Joey admiraba a Jonathan no sólo por lo enrollado que era, sino también por tener el aplomo de no hacerse pasar por estúpido para seguir siéndolo. Dominaba el difícil arte de dar la impresión de que ser inteligente era enrollado.
—Oye —dijo Joey, para cambiar de tema—, ¿se mantiene en pie la invitación para Acción de Gracias?
—¿Que si se mantiene? Ahora estás doblemente invitado. Mi familia no es de esa clase de judíos que se odian a sí mismos. Mis padres se pirran por los judíos. Te tenderán la alfombra roja.
Al día siguiente por la tarde, solo en su habitación y agobiado por no haber hecho aún la llamada prometida a Connie para hablar de la posibilidad de que fuera al médico, Joey, sin proponérselo, abrió el portátil de Jonathan y buscó las fotografías de su hermana, Jenna. Consideró que si iba directamente a las fotos de la familia que éste ya le había enseñado, no estaría husmeando. El entusiasmo demostrado por su compañero de habitación ante su origen judío quizá presagiara una recepción igual de cálida por parte de Jenna, y copió las dos fotografías de ella más favorecedoras en su disco duro, cambiando las extensiones de archivo para que nadie pudiera encontrarlas salvo él; así podía representarse una alternativa concreta a Connie antes de hacerle la temida llamada.

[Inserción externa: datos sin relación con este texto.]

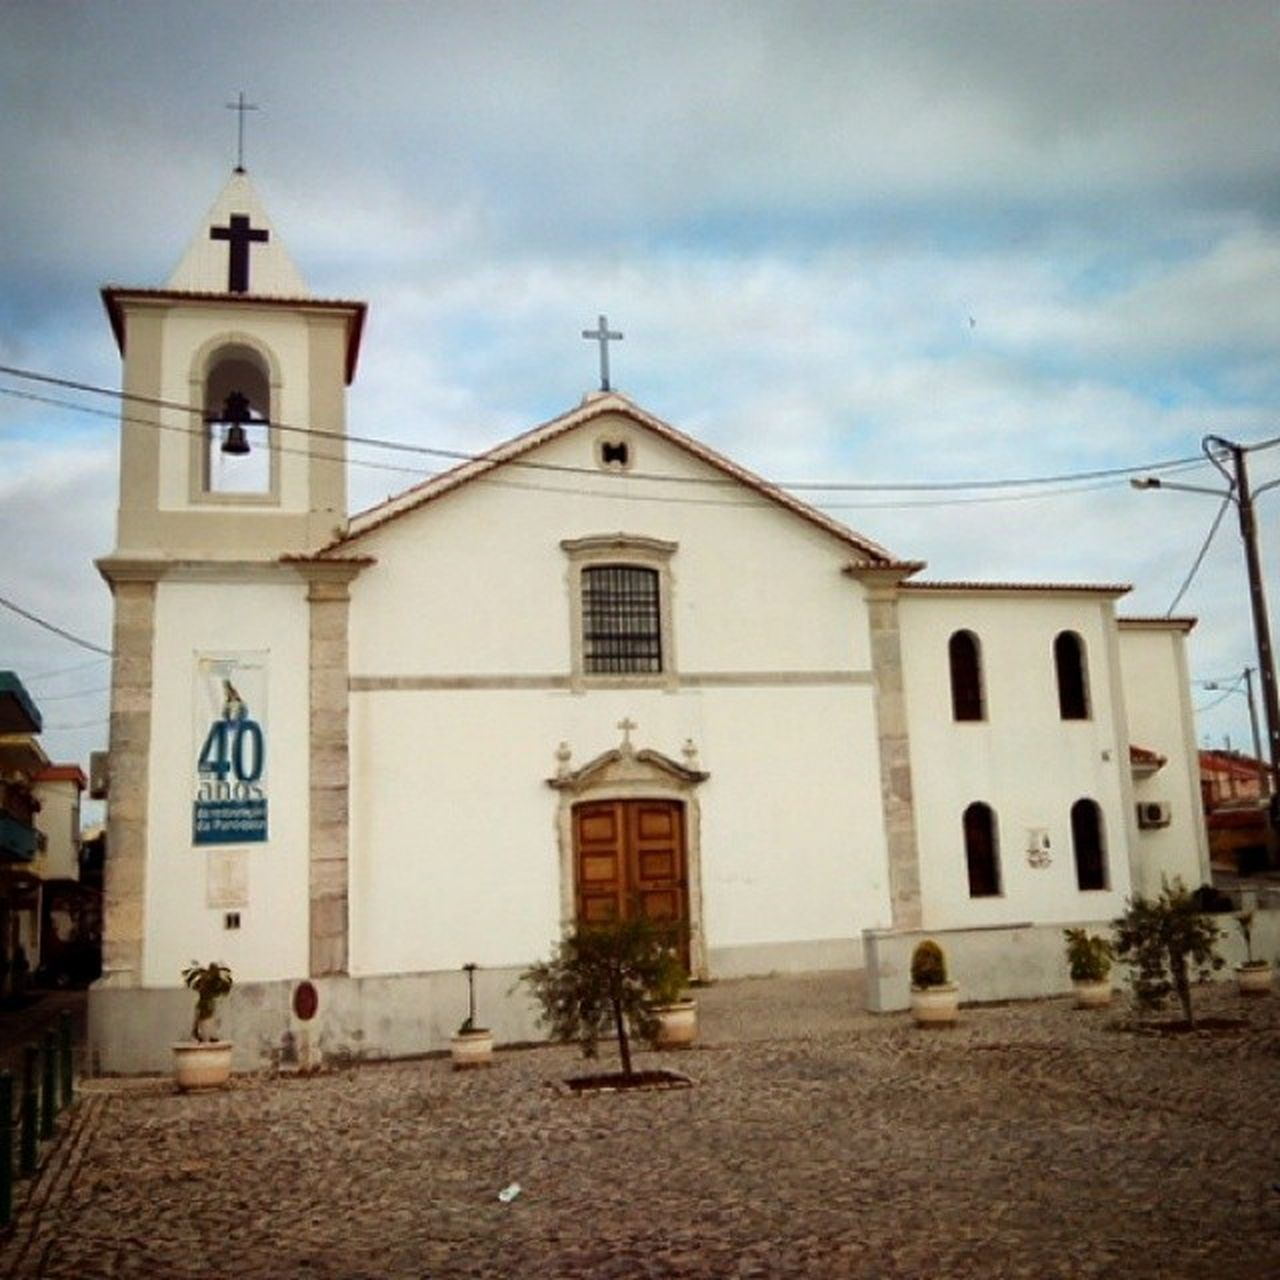 Igreja de Nossa Senhora da Graça Corroios God Church Waw portugal

De momento, el panorama femenino en la universidad había resultado poco satisfactorio. En comparación con Connie, las chicas verdaderamente atractivas que había conocido en Virginia parecían todas rociadas con teflón, revestidas de desconfianza hacia las intenciones de él. Incluso las más guapas se maquillaban demasiado y llevaban ropa en exceso formal y se vestían para los partidos de los Cavaliers como si fueran al Derby de Kentucky. Cierto que, en las fiestas, determinadas chicas de segunda fila, después de beber más de la cuenta, le habían dado a entender que era un chico con posibilidades de ligar. Pero por alguna razón, ya fuese porque era un apocado, o porque no le gustaba levantar la voz para hacerse oír por encima de la música, o porque tenía un concepto muy elevado de sí mismo, o porque era incapaz de pasar por alto lo estúpidas y molestas que llegaban a ponerse las chicas después de excederse con el alcohol, pronto desarrolló un prejuicio contra esas fiestas y los consiguientes ligues y decidió que sin lugar a dudas prefería salir por ahí con otros chicos.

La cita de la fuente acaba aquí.